SUPPLIED INFORMATION:
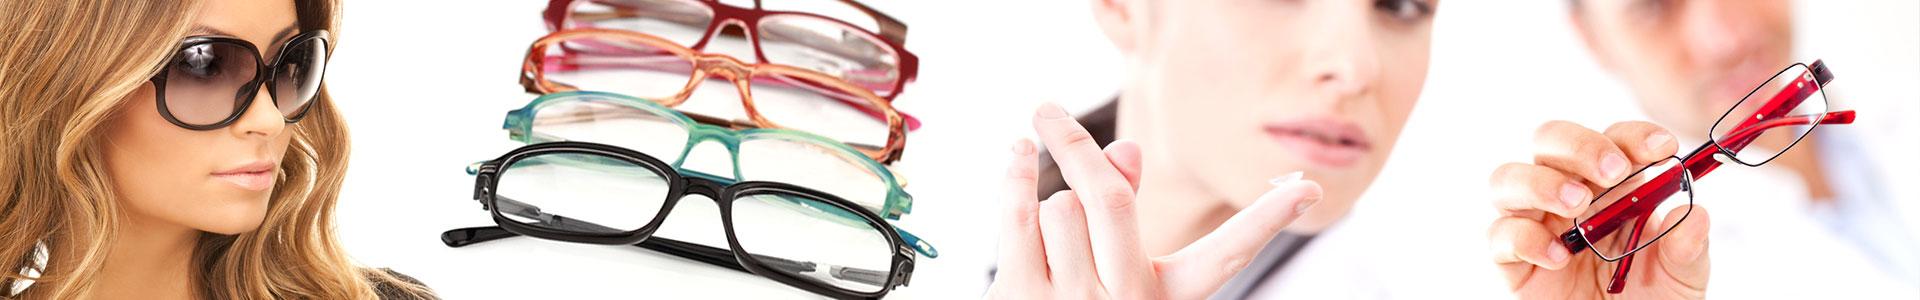 optical-store-white-eye-care-logan-wv-family-eye-care-eye-exams-designer-frames-sunglasses-contacts-banner
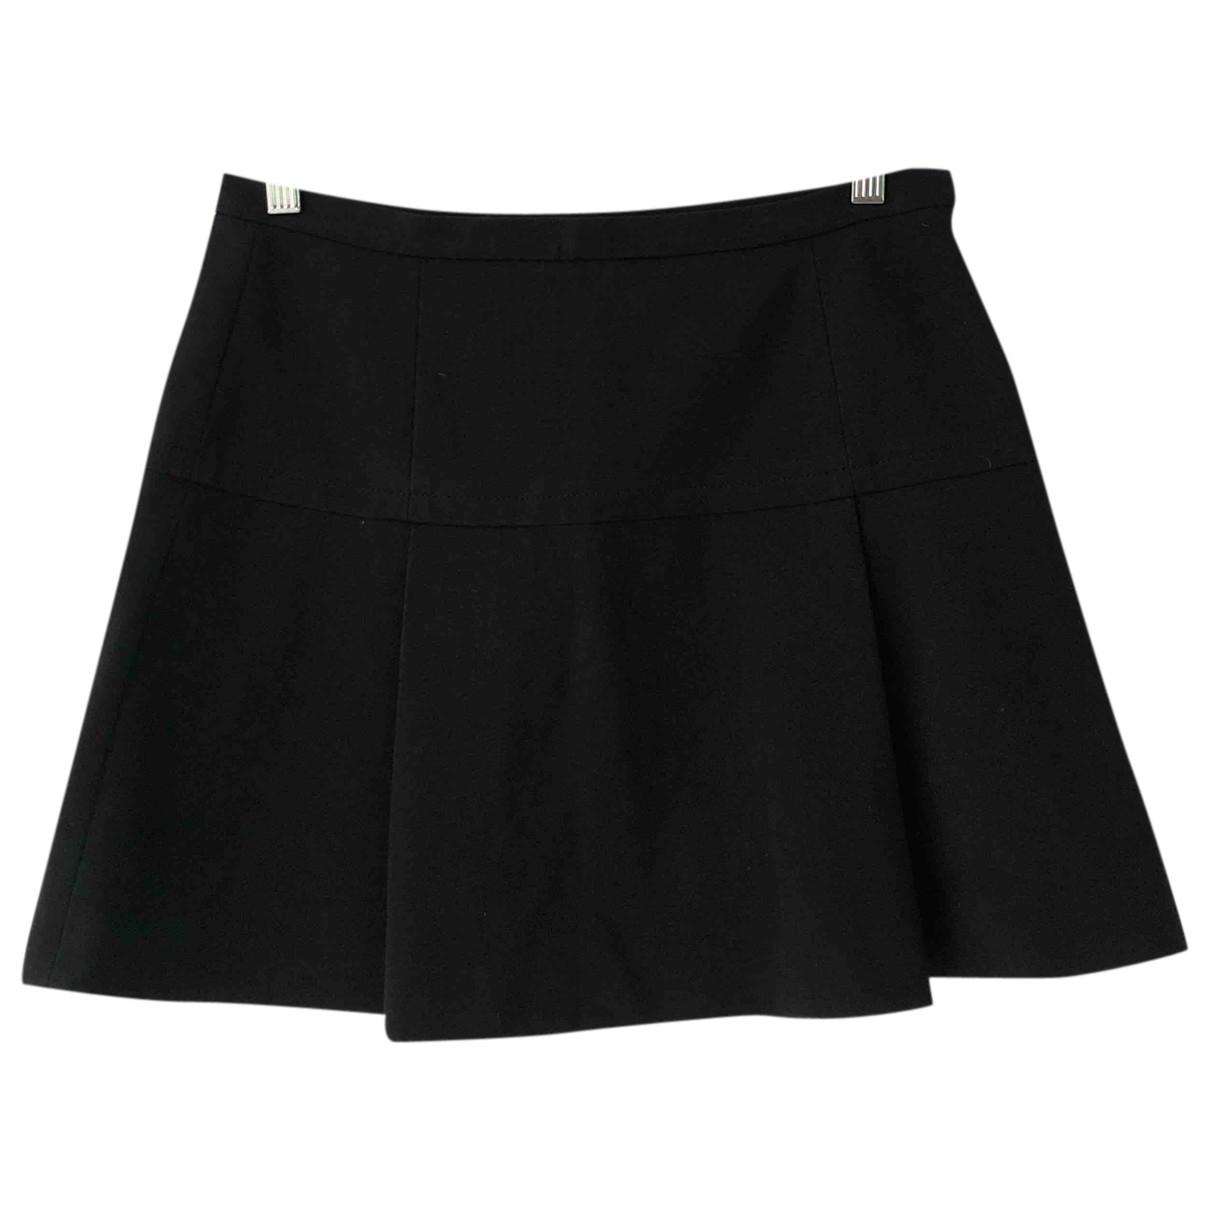 Sonia By Sonia Rykiel - Jupe   pour femme en coton - elasthane - noir
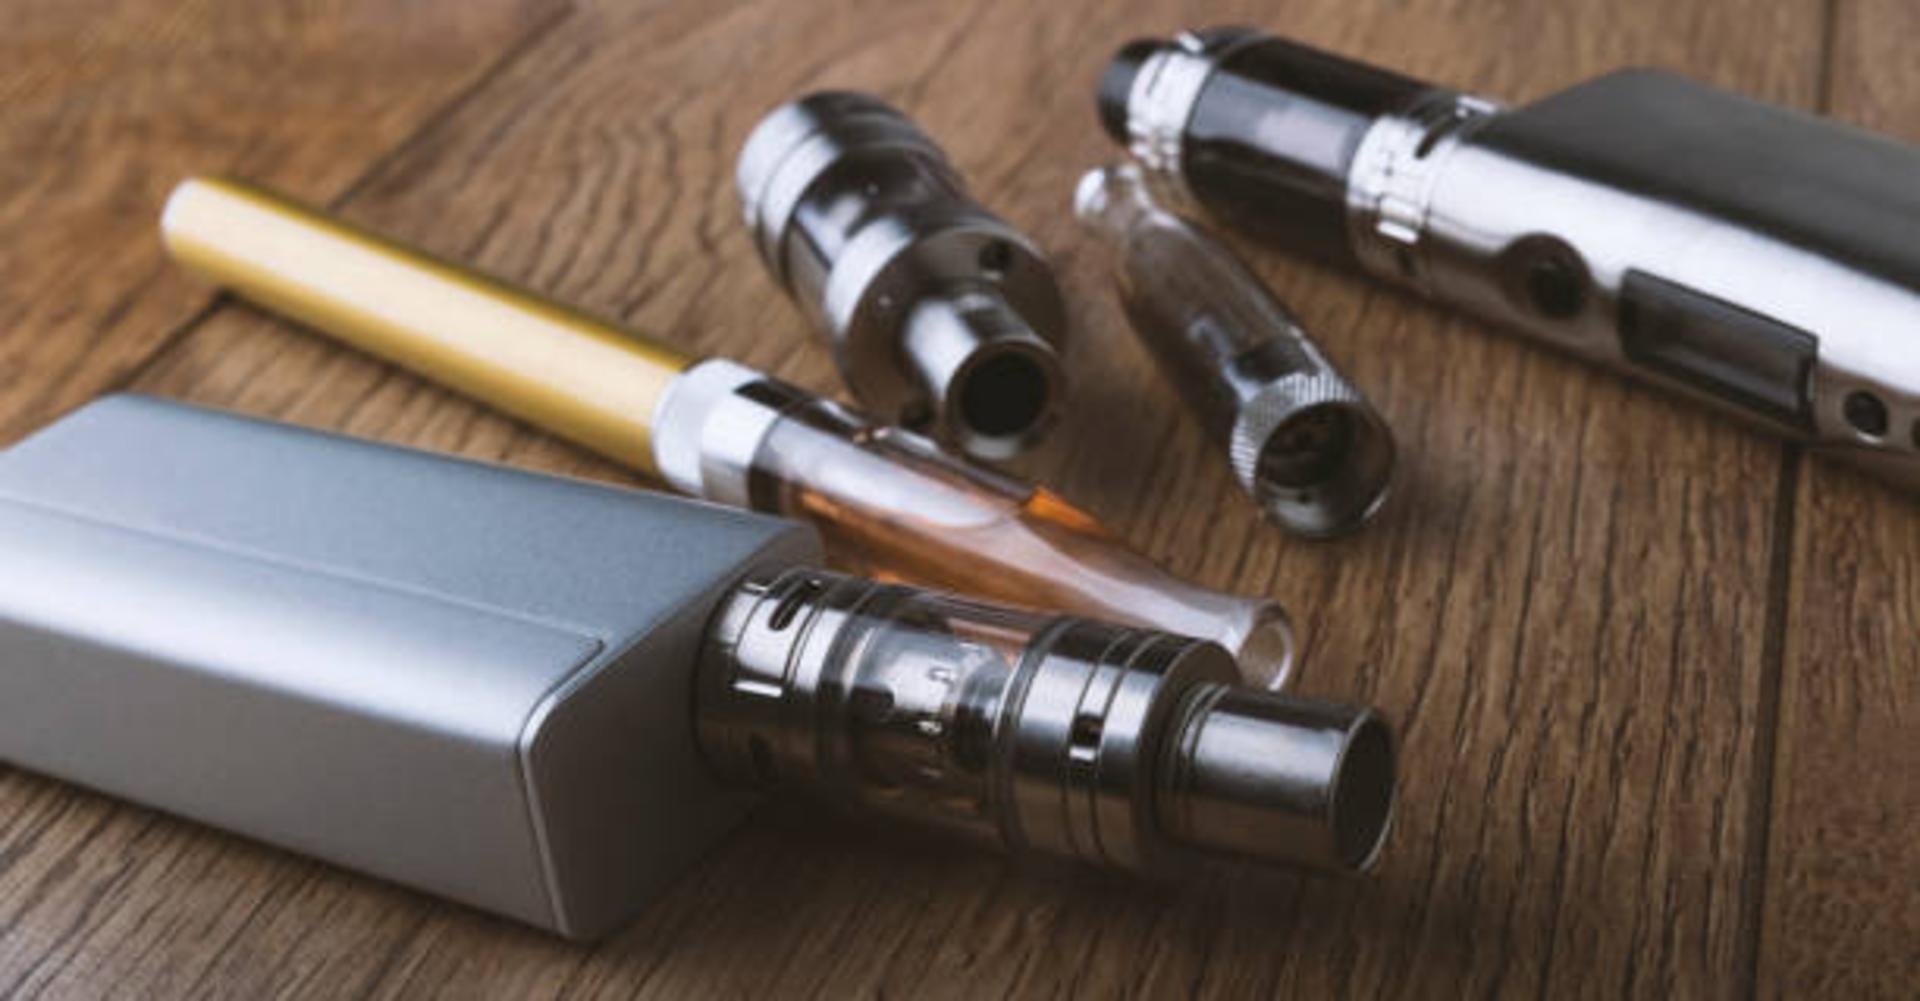 The Vape Pen (Disposable Electronic Cigarette) Read Before You Buy!   newyorkvapeking

PROBLEM:
Transcribe the material exactly, and leave out whatever pictures it holds.

ANSWER FOR THIS EXERCISE:
 optical-store-white-eye-care-logan-wv-family-eye-care-eye-exams-designer-frames-sunglasses-contacts-banner
 Sonia By Sonia Rykiel - Jupe   pour femme en coton - elasthane - noir
 The Vape Pen (Disposable Electronic Cigarette) Read Before You Buy!   newyorkvapeking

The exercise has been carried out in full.